• **Dataset extract**:
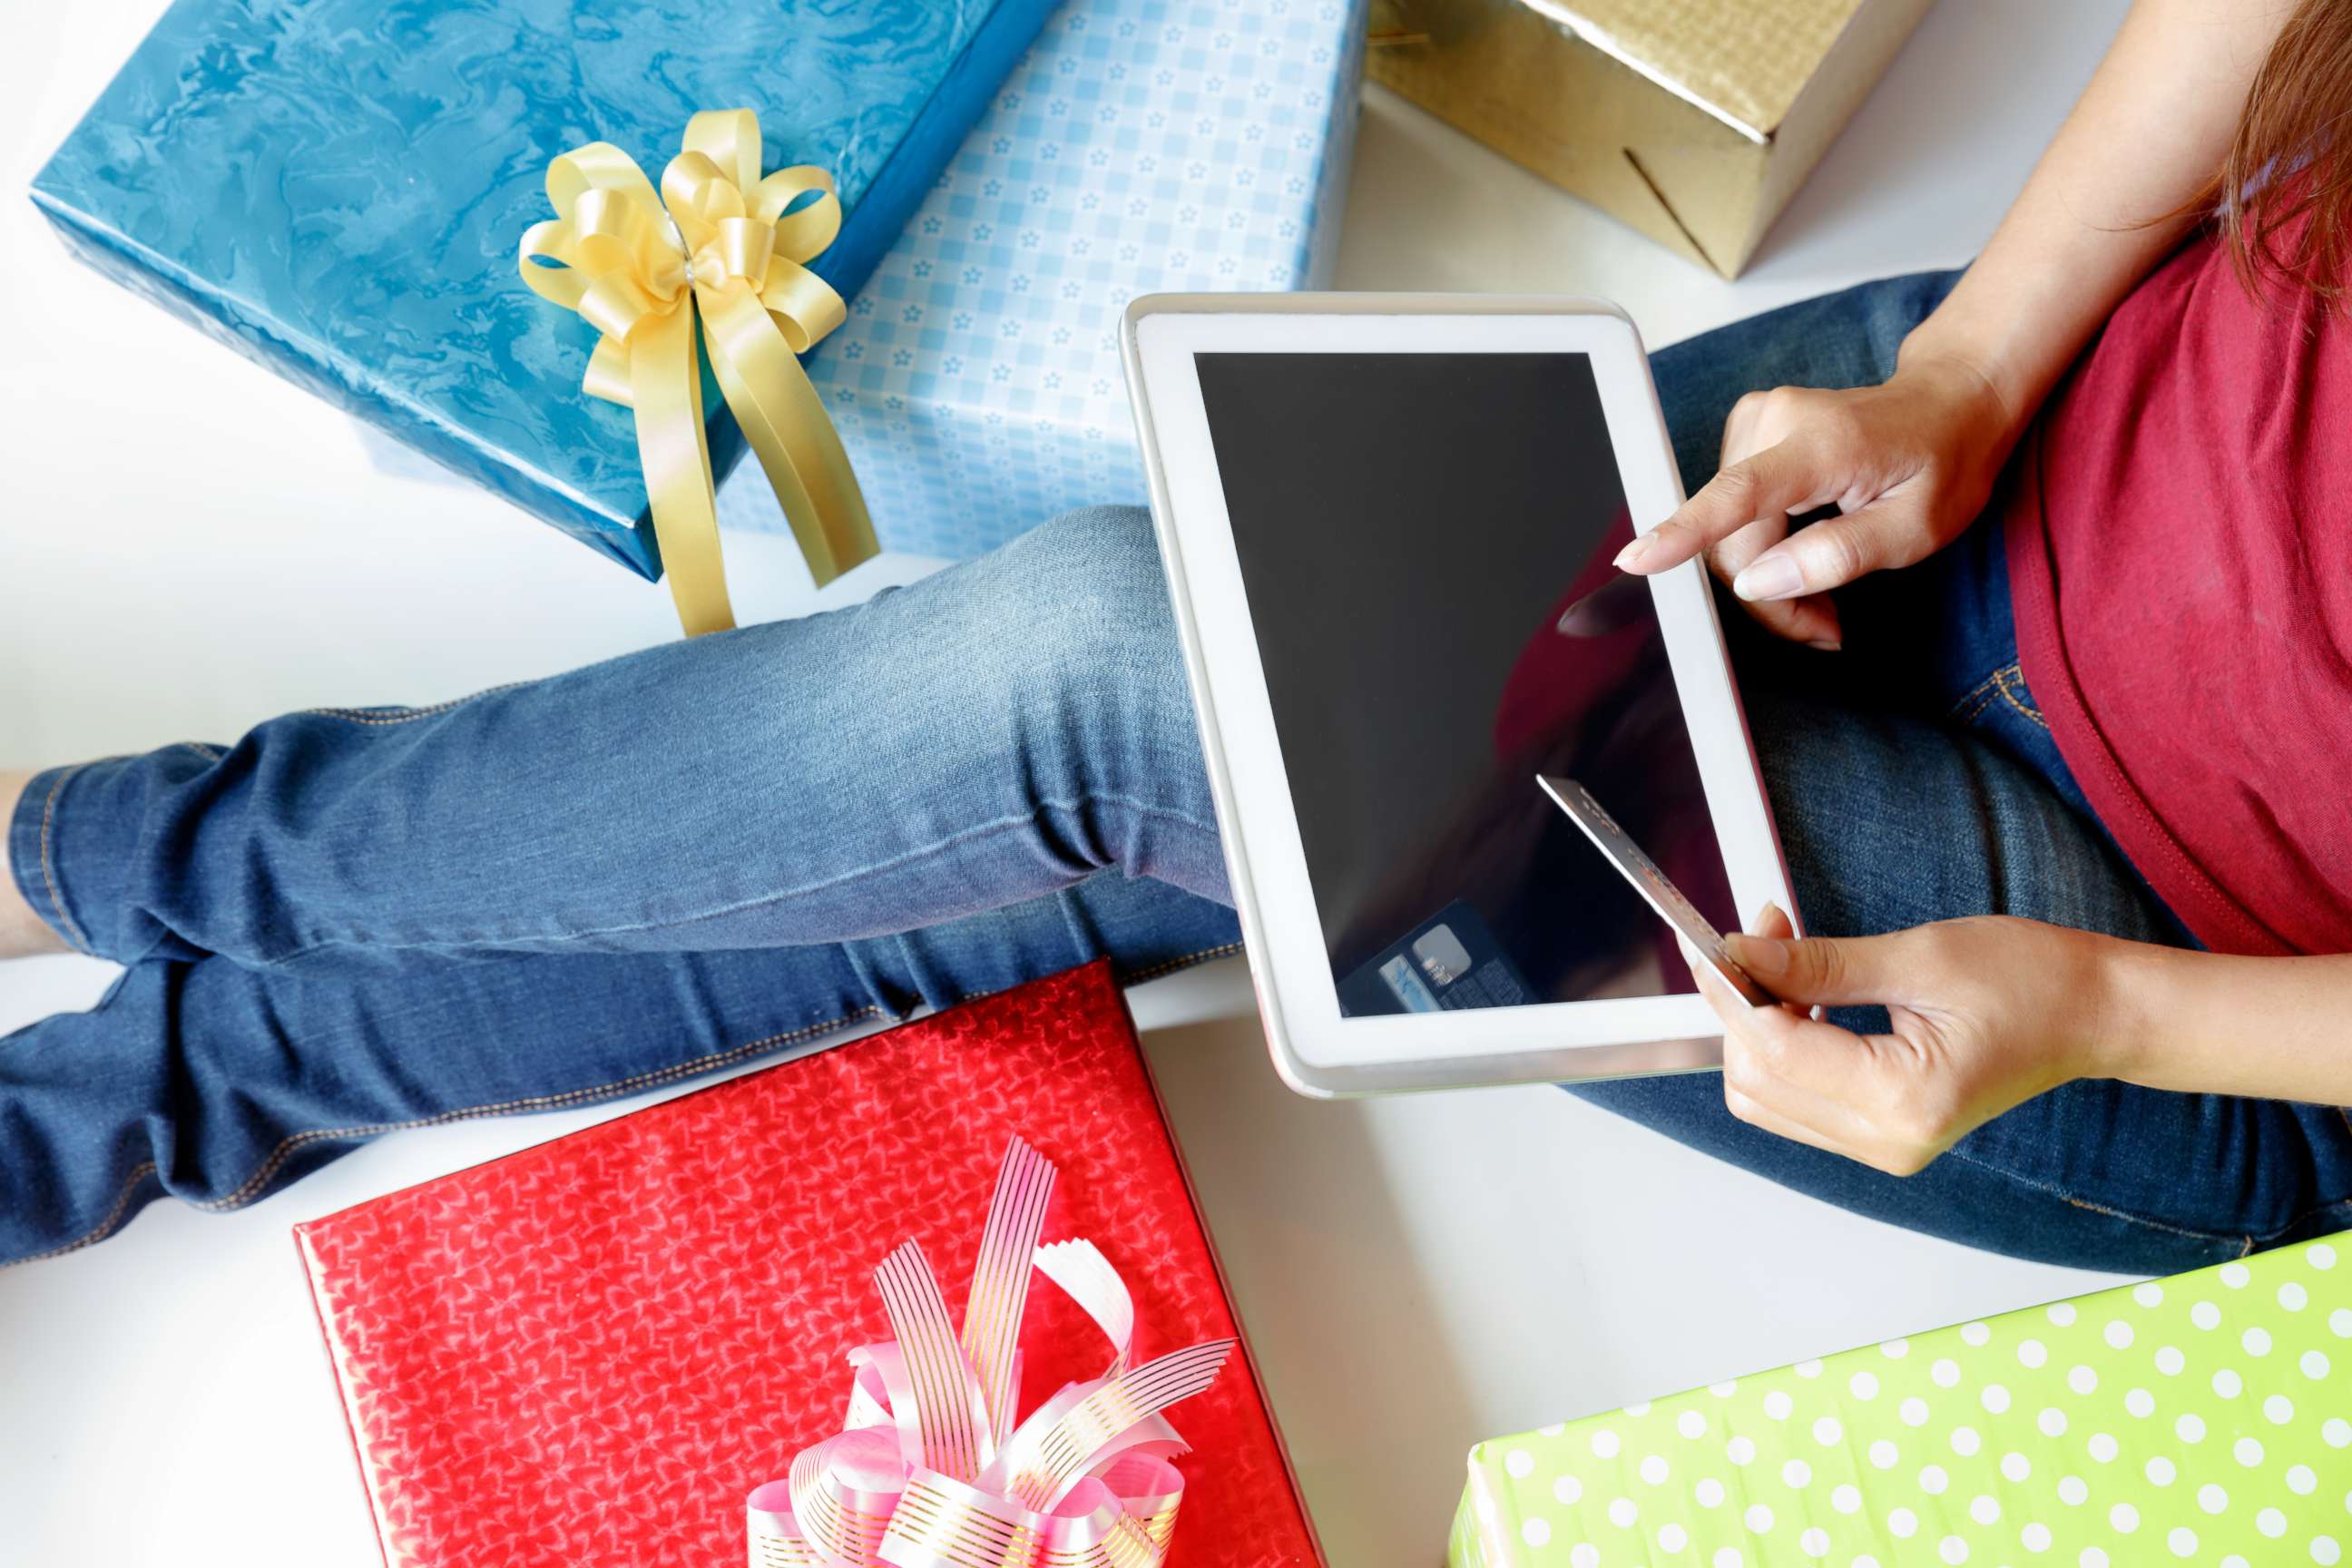 PHOTO: A woman shopping online using her credit card in this undated stock photo.
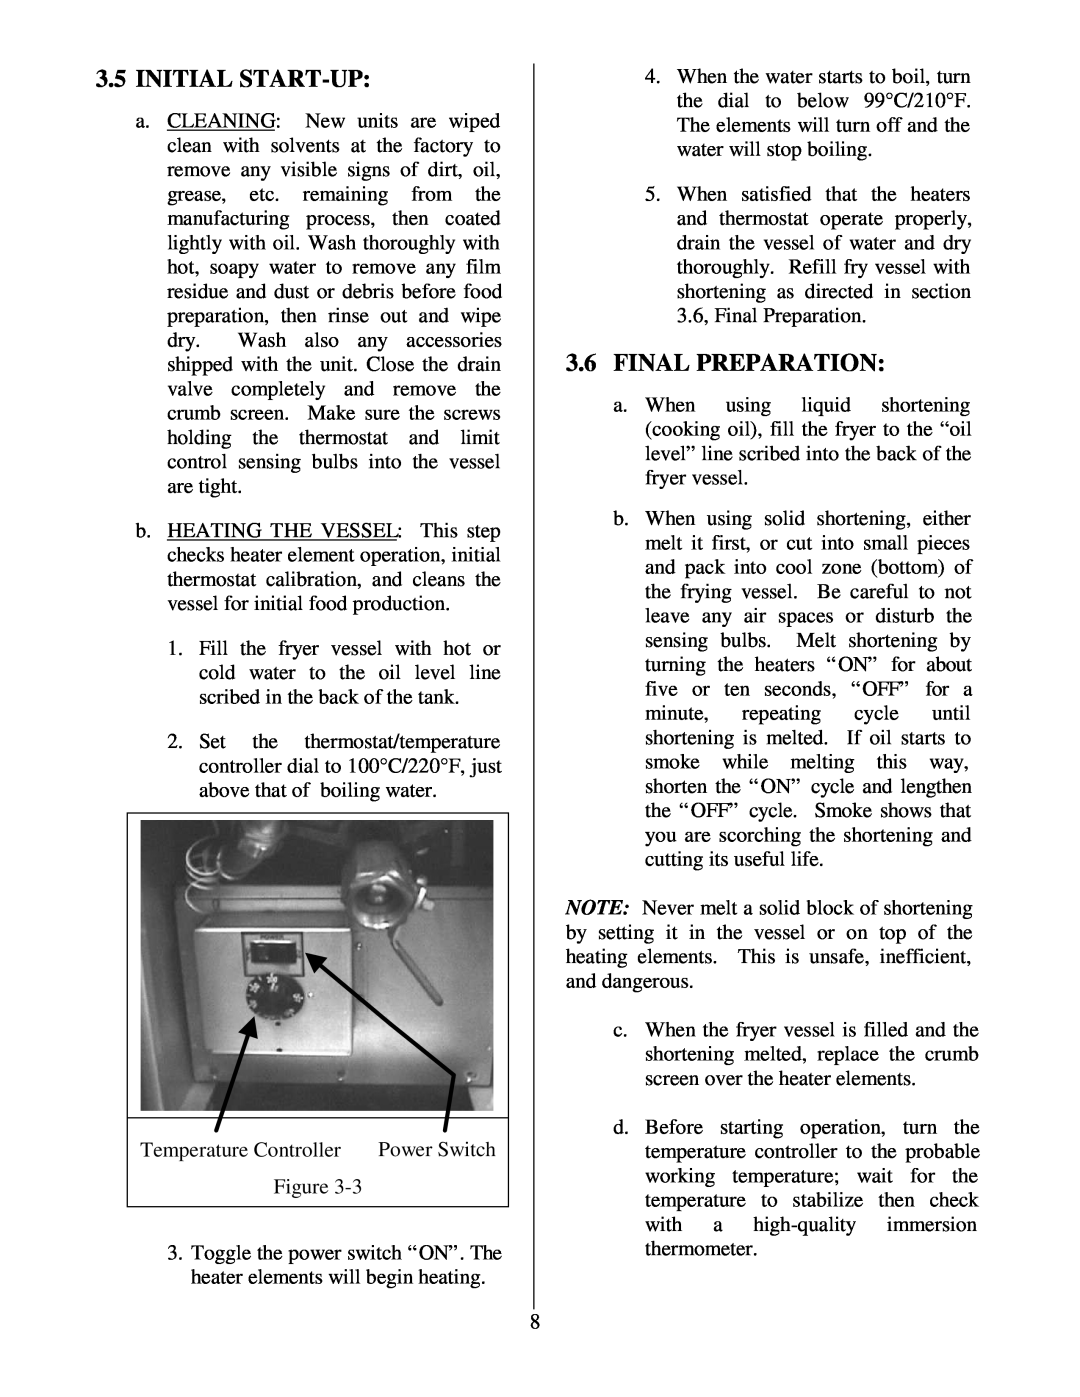 Frymaster Electric Fryer operation manual 3.5INITIAL START-UP, 3.6FINAL PREPARATION 
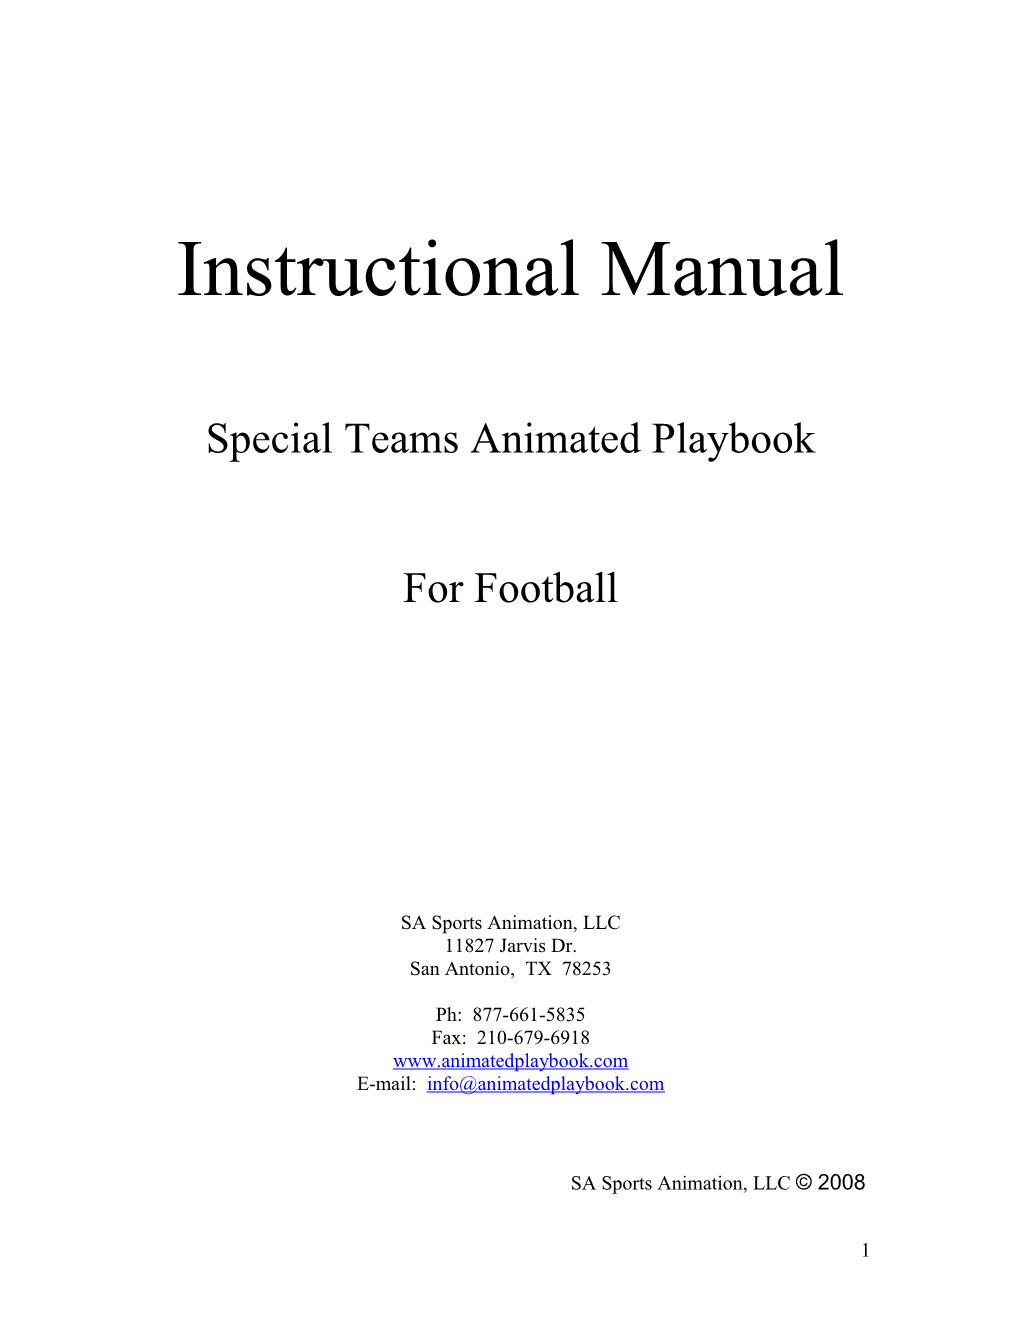 Special Teams Animated Playbook
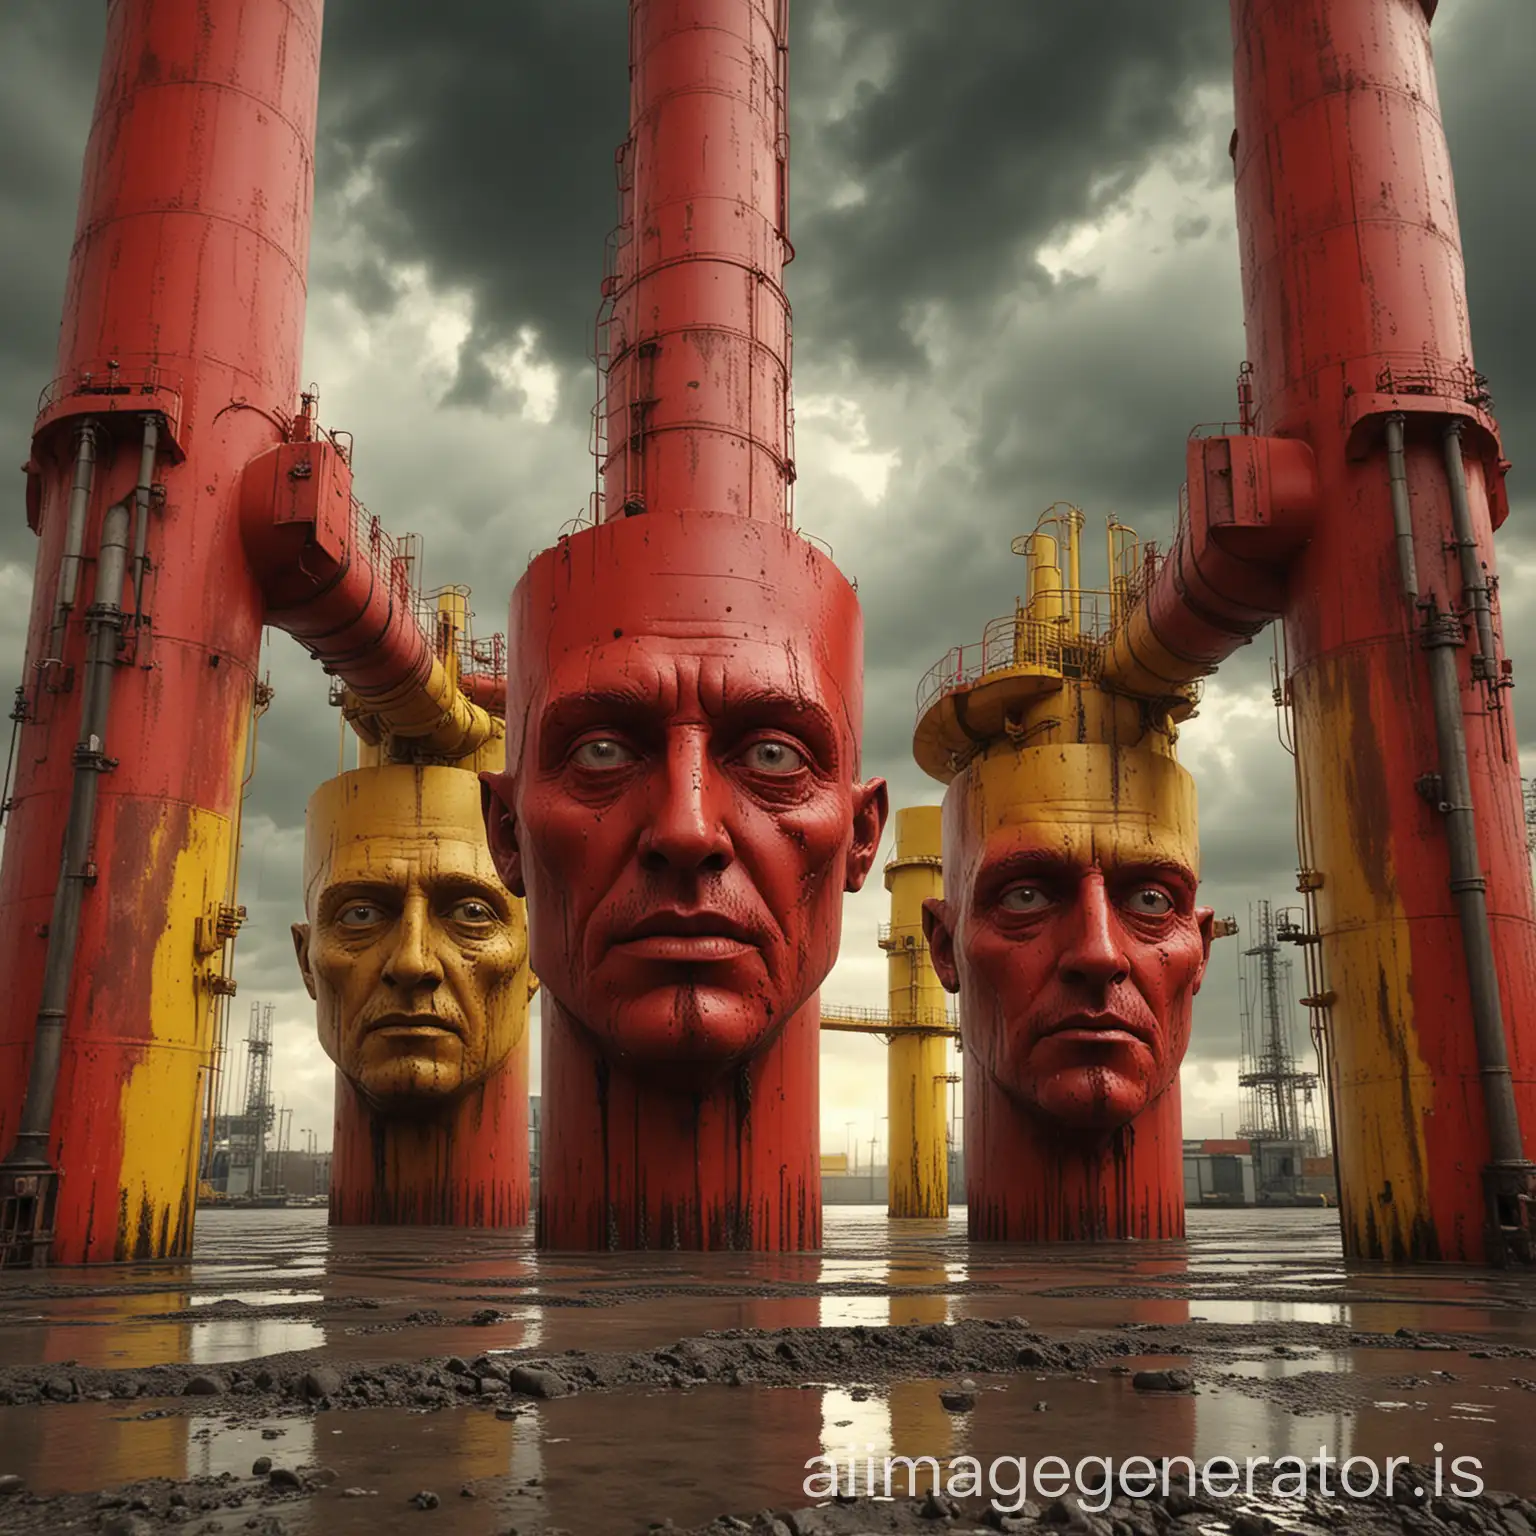 three surreal man-face-trapezoidal-aquasuiton bolts-tubes,concrete buildings, distillation petrochemical columns, red palette and acid yellow color, PL photo filter, black clouds,Ray Tracing Global Illumination, Optics, Scattering ,Glow,insanely detailed and intricate,superdetailed

• **Your assignment**: For each line above, output its wording exactly and leave out any picture.

• **Response**:
 PHOTO: A woman shopping online using her credit card in this undated stock photo.
 Frymaster Electric Fryer operation manual 3.5INITIAL START-UP, 3.6FINAL PREPARATION 
 Special Teams Animated Playbook
 three surreal man-face-trapezoidal-aquasuiton bolts-tubes,concrete buildings, distillation petrochemical columns, red palette and acid yellow color, PL photo filter, black clouds,Ray Tracing Global Illumination, Optics, Scattering ,Glow,insanely detailed and intricate,superdetailed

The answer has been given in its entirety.